> [ACTIVITY]:
Write out exactly what each line says, starting with the first line below and ending on the one with "Realistisches Goldmetall-Herz mit".
----------------------------------------
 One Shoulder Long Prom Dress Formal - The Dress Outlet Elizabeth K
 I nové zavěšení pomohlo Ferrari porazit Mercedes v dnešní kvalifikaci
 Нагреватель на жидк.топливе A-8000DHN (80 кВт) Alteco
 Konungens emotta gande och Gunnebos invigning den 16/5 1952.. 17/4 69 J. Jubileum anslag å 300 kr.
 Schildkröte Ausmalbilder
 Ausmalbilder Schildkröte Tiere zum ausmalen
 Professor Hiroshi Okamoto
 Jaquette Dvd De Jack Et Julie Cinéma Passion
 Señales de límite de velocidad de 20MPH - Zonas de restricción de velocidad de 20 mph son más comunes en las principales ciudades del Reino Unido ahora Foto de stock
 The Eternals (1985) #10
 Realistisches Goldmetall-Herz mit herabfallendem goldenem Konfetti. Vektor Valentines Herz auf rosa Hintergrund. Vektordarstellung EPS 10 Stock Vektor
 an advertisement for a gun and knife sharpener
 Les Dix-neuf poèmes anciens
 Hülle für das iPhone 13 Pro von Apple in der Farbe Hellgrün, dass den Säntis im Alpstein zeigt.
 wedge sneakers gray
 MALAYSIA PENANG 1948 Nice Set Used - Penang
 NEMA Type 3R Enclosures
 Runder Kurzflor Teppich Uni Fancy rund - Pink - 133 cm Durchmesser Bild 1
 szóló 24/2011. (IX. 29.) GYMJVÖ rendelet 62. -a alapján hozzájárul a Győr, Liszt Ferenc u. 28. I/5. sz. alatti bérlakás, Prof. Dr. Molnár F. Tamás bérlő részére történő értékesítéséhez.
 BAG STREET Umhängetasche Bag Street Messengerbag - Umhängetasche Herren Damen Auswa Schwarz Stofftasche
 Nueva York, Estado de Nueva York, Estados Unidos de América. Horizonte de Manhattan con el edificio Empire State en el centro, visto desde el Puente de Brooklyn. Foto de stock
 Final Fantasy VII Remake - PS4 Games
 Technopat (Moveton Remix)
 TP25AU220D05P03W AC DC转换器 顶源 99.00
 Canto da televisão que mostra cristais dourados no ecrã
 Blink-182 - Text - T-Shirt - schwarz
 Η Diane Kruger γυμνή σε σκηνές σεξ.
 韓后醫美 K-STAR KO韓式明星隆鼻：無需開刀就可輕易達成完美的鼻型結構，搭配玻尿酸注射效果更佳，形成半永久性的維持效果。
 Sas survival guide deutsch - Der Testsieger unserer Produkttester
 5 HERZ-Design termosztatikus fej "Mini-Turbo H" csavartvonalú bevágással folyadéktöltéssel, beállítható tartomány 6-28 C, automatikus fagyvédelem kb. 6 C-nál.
----------------------------------------
> [EXERCISE RESULT]:
 One Shoulder Long Prom Dress Formal - The Dress Outlet Elizabeth K
 I nové zavěšení pomohlo Ferrari porazit Mercedes v dnešní kvalifikaci
 Нагреватель на жидк.топливе A-8000DHN (80 кВт) Alteco
 Konungens emotta gande och Gunnebos invigning den 16/5 1952.. 17/4 69 J. Jubileum anslag å 300 kr.
 Schildkröte Ausmalbilder
 Ausmalbilder Schildkröte Tiere zum ausmalen
 Professor Hiroshi Okamoto
 Jaquette Dvd De Jack Et Julie Cinéma Passion
 Señales de límite de velocidad de 20MPH - Zonas de restricción de velocidad de 20 mph son más comunes en las principales ciudades del Reino Unido ahora Foto de stock
 The Eternals (1985) #10
 Realistisches Goldmetall-Herz mit herabfallendem goldenem Konfetti. Vektor Valentines Herz auf rosa Hintergrund. Vektordarstellung EPS 10 Stock Vektor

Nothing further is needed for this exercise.